With the ability to edit the human genome comes the power to choose a child's IQ or eye colour. As controversial as it is, the potential advantages of this new technology are much more far-reaching and include the ability to prevent more than 10,000 inherited diseases.
Last week, the media pushed out headlines claiming that designer babies were on the way and that mankind was one step closer to consumer eugenics. The stories were based on results from scientists in the US who had genetically altered human embryos using CRISPR technology.

Editing the human genome brings up questions around the ethics of dictating a child's IQ or eye colour, but the potential advantages of this new technology run much deeper than that.

CRISPR (pronounced crisper) stands for Clustered Regularly Interspaced Short Palindromic Repeat, which refers to the way that short, repeated DNA sequences in the DNA of bacteria are organised. Bacteria have a mechanism they use to defend themselves from viral attacks, which involves taking pieces of DNA from the invading virus and forming new sequences known as CRISPR.

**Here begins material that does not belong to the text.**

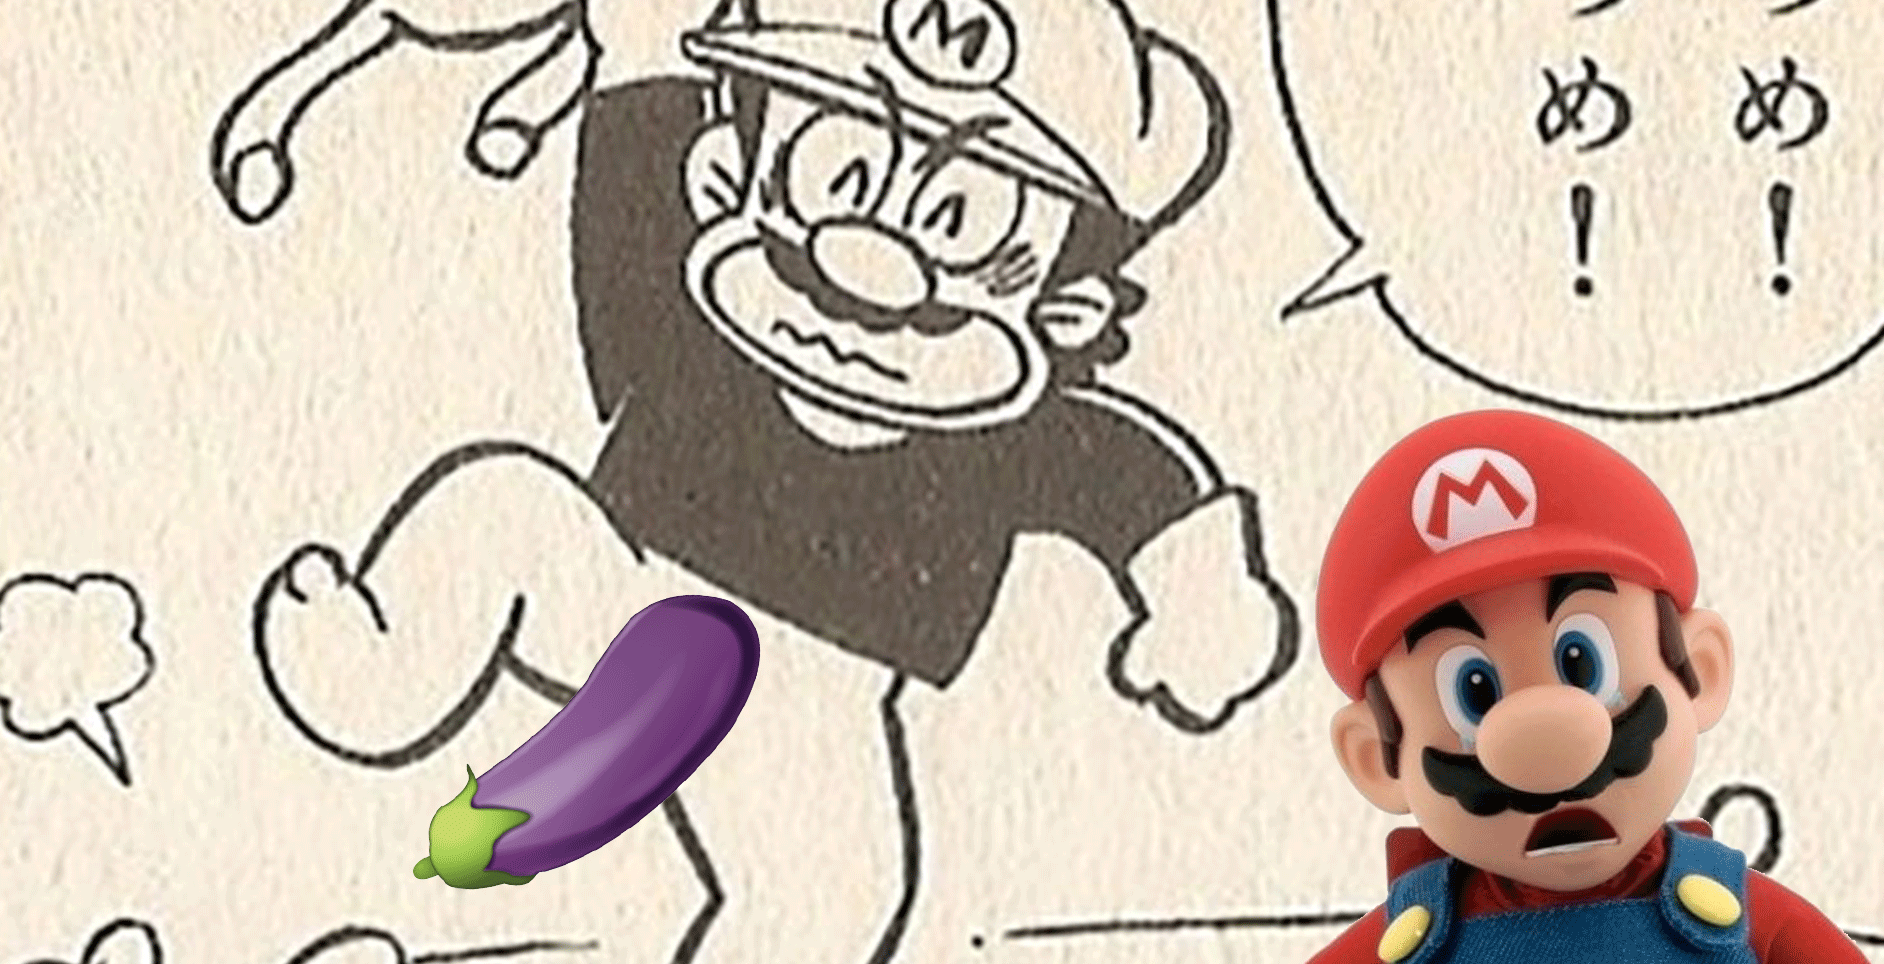 Marios cock

Scientists have been able to take this bacterial defence mechanism and use it as a gene-editing tool in animal cells, where it finds and repairs DNA mutations within an individual cell.

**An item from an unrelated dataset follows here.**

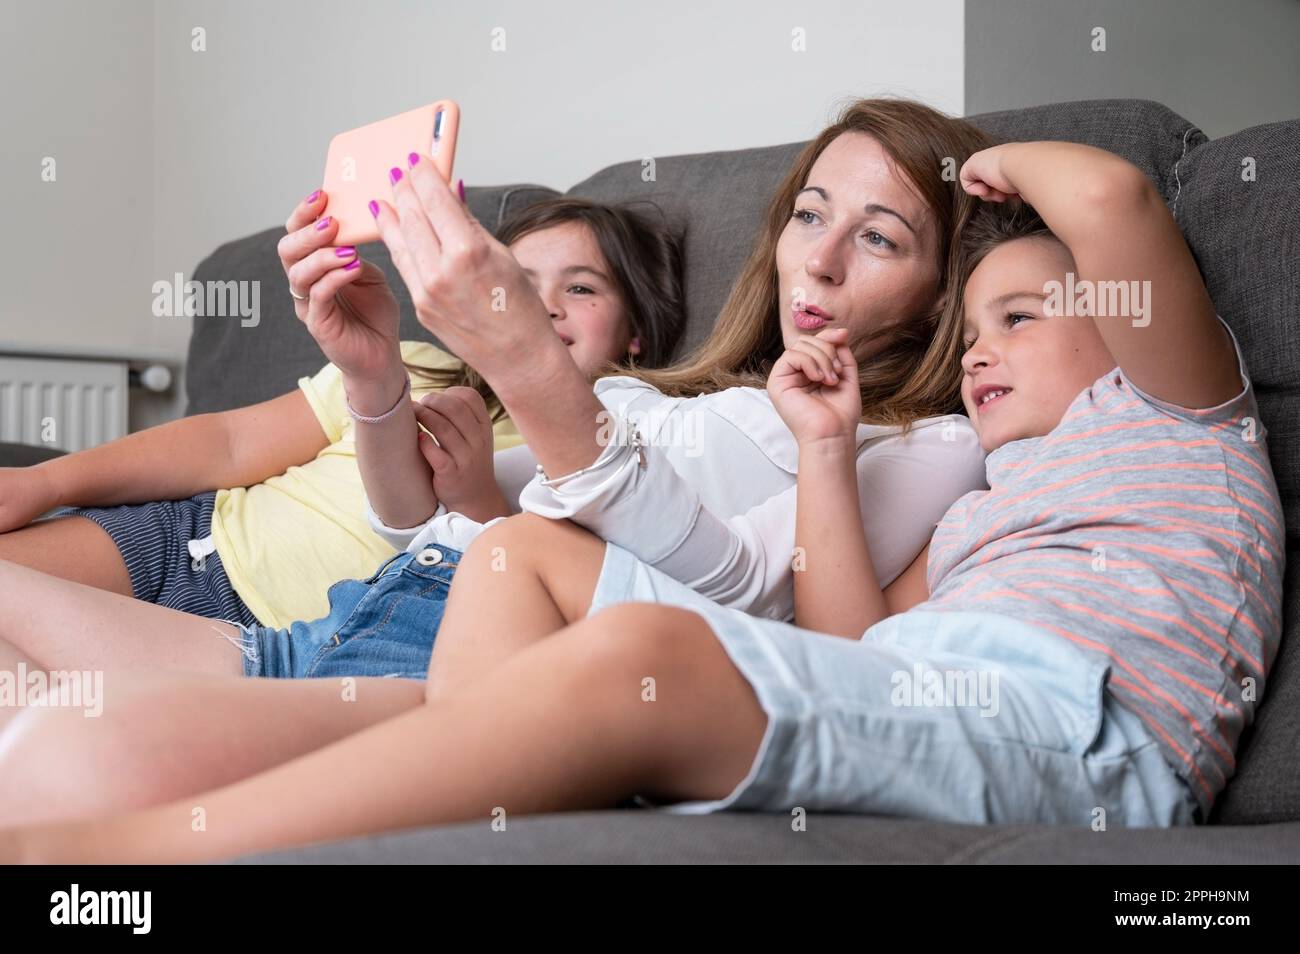 Mère heureuse avec ses enfants font un selfie ou un appel vidéo au père ou à des parents dans un canapé. Concept de technologie, nouvelle génération, famille, connexion, parentalité. Banque D'Images

It's hard to overstate the importance of the achievement that this embryo research makes to the scientific community. Their study isn't about making designer babies, but about how, for the first time, science could be used to repair dangerous heart disease mutations in human embryos. This ability for humans to take control of their genetic destiny could not only transform the lives of individuals, but also help to eradicate devastating diseases by preventing them being passed on to future generations.

Of course, it's controversial, and today many countries prohibit the creation of genetically altered humans, even if the treatment would prolong their life and reduce their suffering.

There are fears that eradicating certain mutations now could put the human species at risk in the long run by changing our DNA forever, making us more genetically homogeneous and less resistant as a population to other diseases in the future.

Like it or not, human trials of CRISPR technology have already started, most of them in China, bringing up discussions around how future scientific progress may not be determined by a country's scientific ability but by the legislation that the country has in place.

With our strict GMO rules, questions around where New Zealand is prepared to draw the line in the rapidly advancing gene editing field need to be asked, as well as how quickly our laws can adapt as the technology develops.

As controversial as it is, this new research has the potential to prevent more than 10,000 inherited diseases, including cystic fibrosis, Huntington's disease and BRCA gene-linked breast cancer, which affects millions of people every day.

Gene editing using CRISPR is also making advances in many other areas of science. This year alone, US researchers successfully used CRISPR to completely extract HIV from three different animal models eliminating any further infection from the virus.

It was also used to prompt antibiotic resistant superbugs to self-destruct by attacking their own DNA, creating new opportunities to combat deadly bacteria like MRSA. The technique has shown promise in cancer research as well, with it being used to remove the Tudor-SN protein found in abundance in cancer cells. So far the removal of this protein has resulted in slowing the growth of cancerous cells, potentially helping to boost the effectiveness of standard chemotherapy-based therapies.


For billions of years, life on Earth has been shaped by the slow and incremental process of evolution by doing things the old fashioned way. Now we have the potential to rapidly change evolution as we know it while still fighting over what the long term consequences of this new treatment could be.